This is an engineering internals post for people interested in learning how the system is built. If you just want to understand the availability and durability of objects stored in Manta, the simpler answer is that the system is highly available (i.e., service survives system and availability zone outages) and durable (i.e., data survives multiple system and component failures).
First principles
First, Manta is strongly consistent. If you PUT an object, a subsequent GET for the same path will immediately return the object you just PUT. In terms of CAP, that means Manta sacrifices availability for consistency in the face of a complete network partition. We feel this is the right choice for an object store: while other object stores remain available in a technical sense, they can emit 404s or stale data both when partitioned and in steady-state. The client code to deal with eventual consistency is at least as complex as dealing with unavailability, except that there’s no way to distinguish client error from server inconsistency – both show up as 404 or stale data. We feel transparency about the state of the system is more valuable here. If you get a 404, that’s because the object’s not there. If the system’s partitioned and we cannot be sure of the current state, you’ll get a 503, indicating clearly that the service is not available and you should probably retry your request later.
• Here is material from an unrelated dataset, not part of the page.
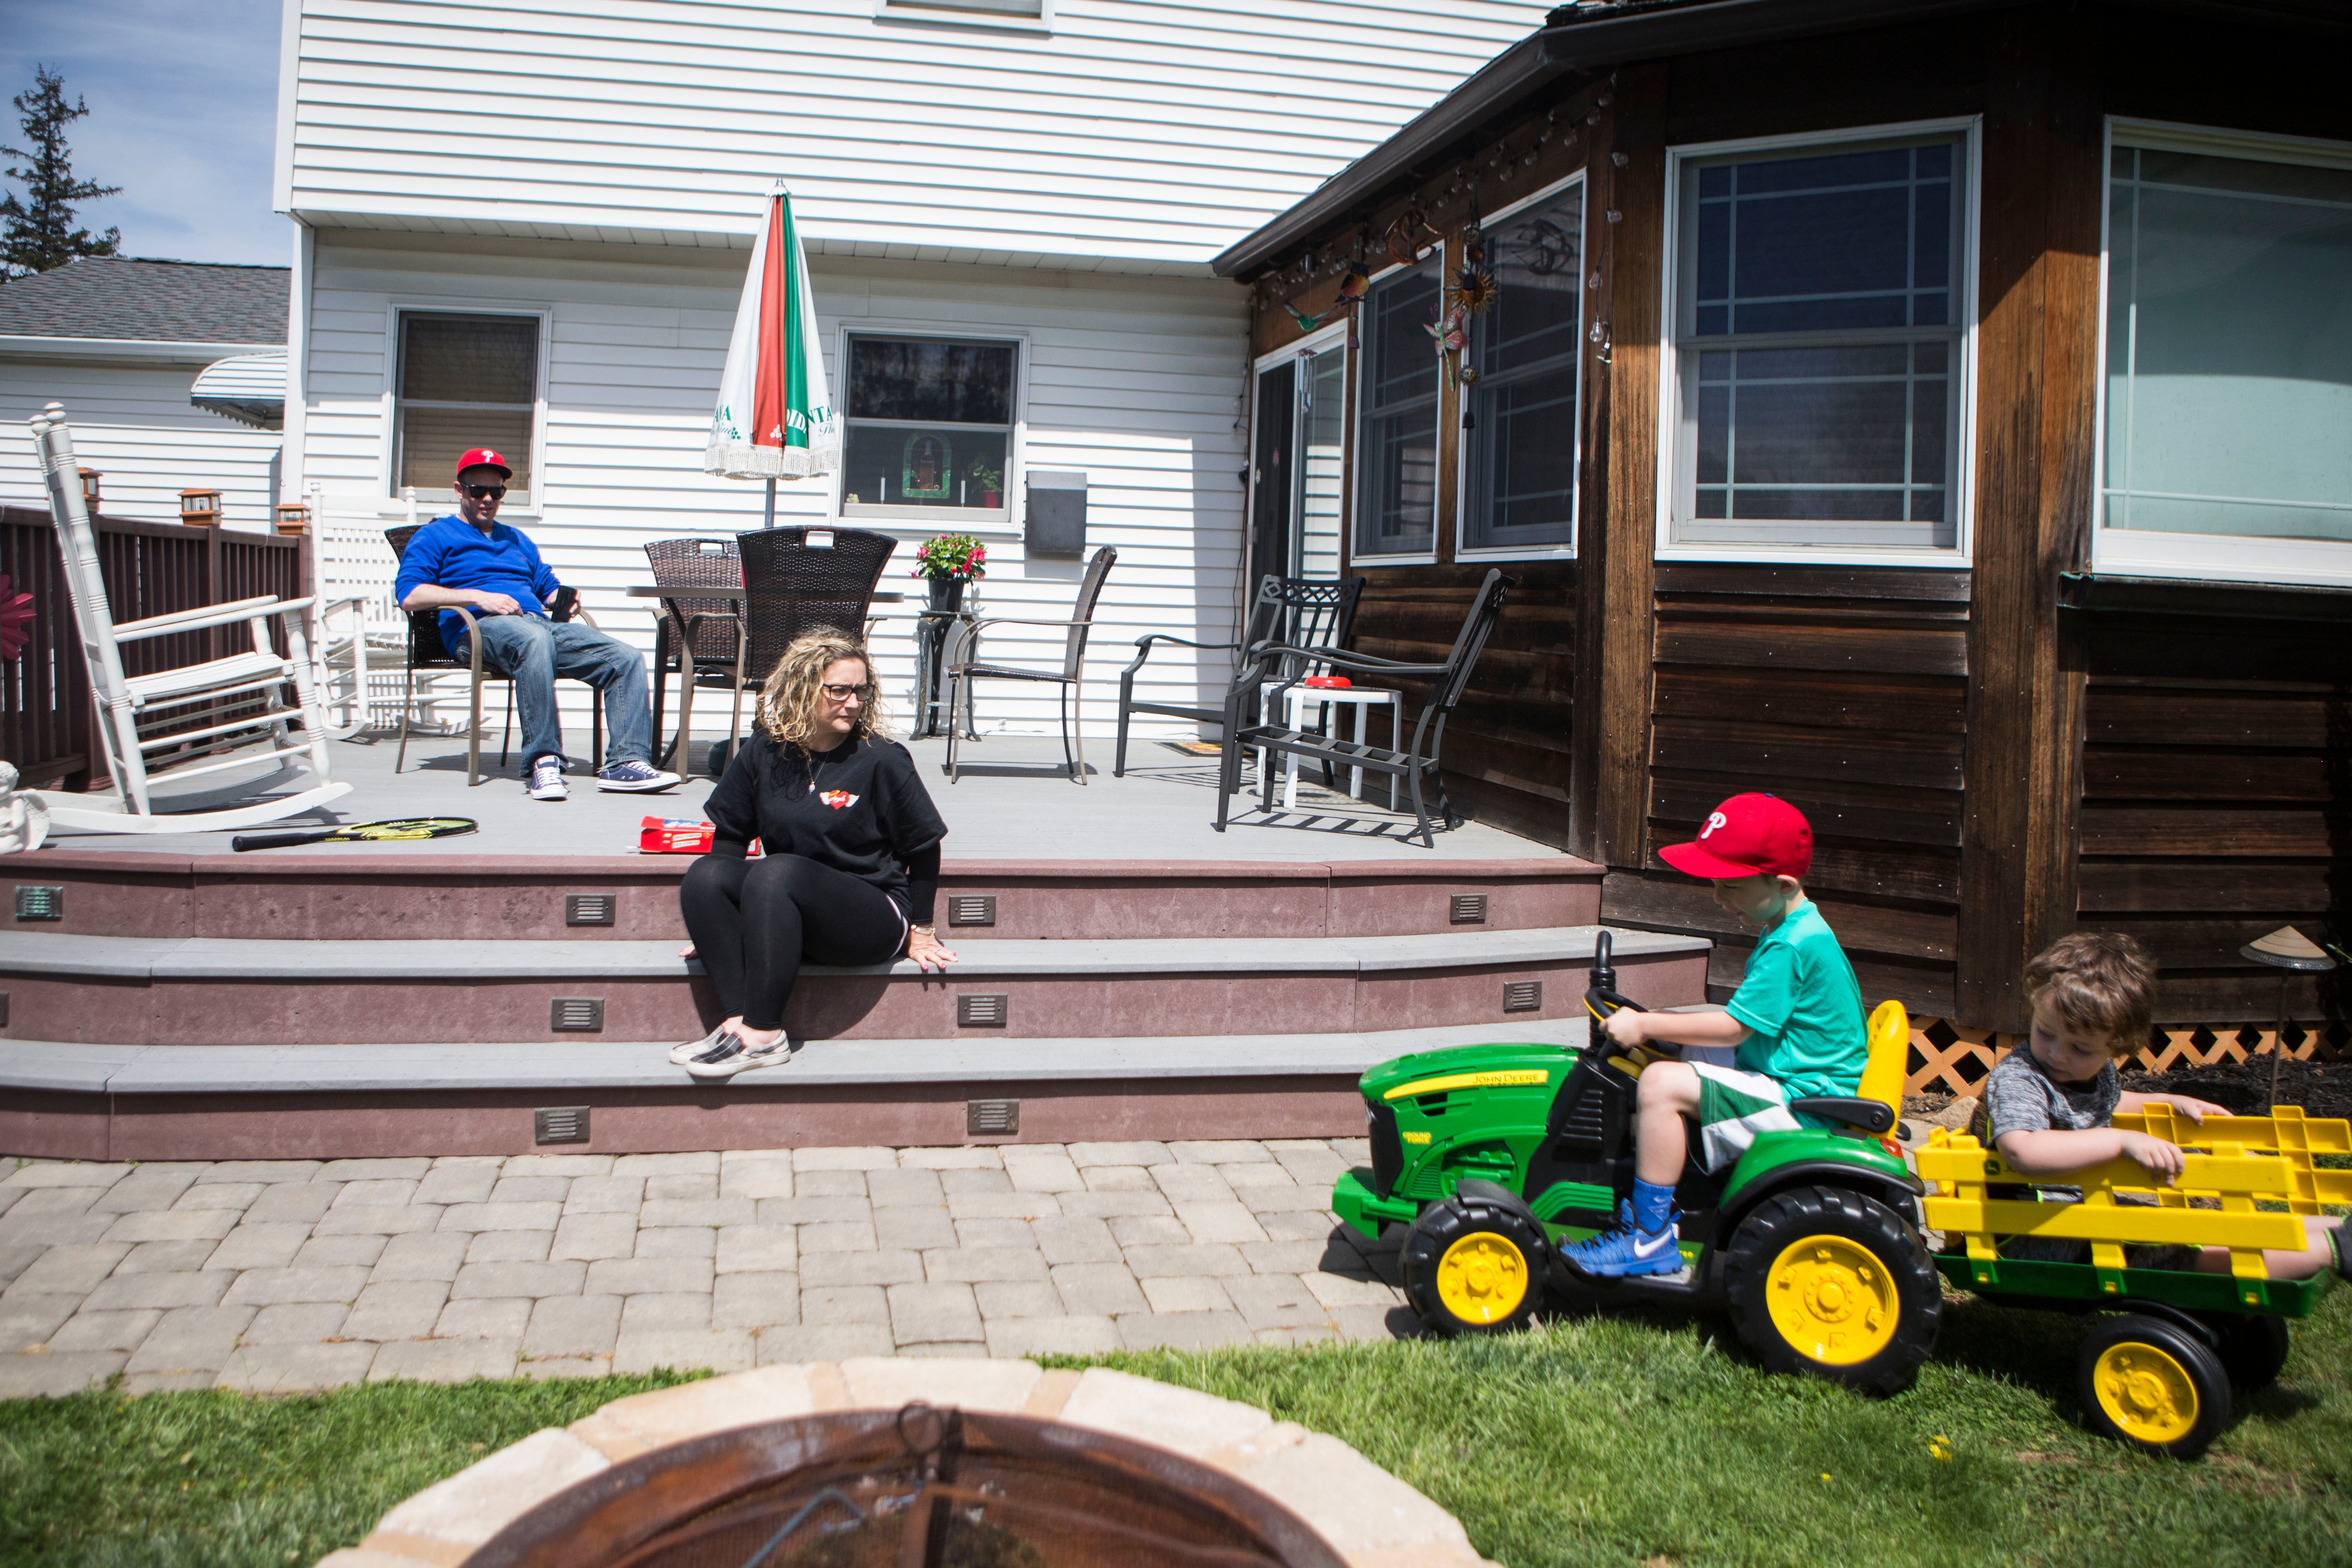 Nicole O'Donnell (right) spends a Sunday with family at her parent's home in Delaware County, Pennsylvania. (Jessica Kourkounis/For Keystone Crossroads)

Moreover, if desired, it’s possible to build an eventually consistent caching layer on top of Manta’s semantics for increased availability.
While CAP tells us that the system cannot be both available and consistent in the face of an extreme network event, that doesn’t mean the system fails in the face of minor failures. Manta is currently deployed in three availability zones in a single region (us-east), and it’s designed to survive any single inter-AZ partition or a complete AZ loss. As expected, availability zones in the region share no physical components (including power) except for being physically close to one another and connected by a high-bandwidth, low-latency interconnect.
Like most complex distributed systems, Manta is itself made up of several different internal services. The only public-facing services are the loadbalancers, which proxy directly to the API services. The API services are clients of other internal services, many of which make use of still other internal services, and so on.
Stateless services
Most of these services are easy to reason about because they’re stateless. These include the frontend loadbalancers, the API servers, authentication caches, job supervisors, and several others.
For each stateless service, we deploy multiple instances in each AZ, each instance on a different physical server. Incoming requests are distributed across the healthy instances using internal DNS with aggressive TTLs. The most common failure here is a software crash. SMF restarts the service, which picks up where it left off.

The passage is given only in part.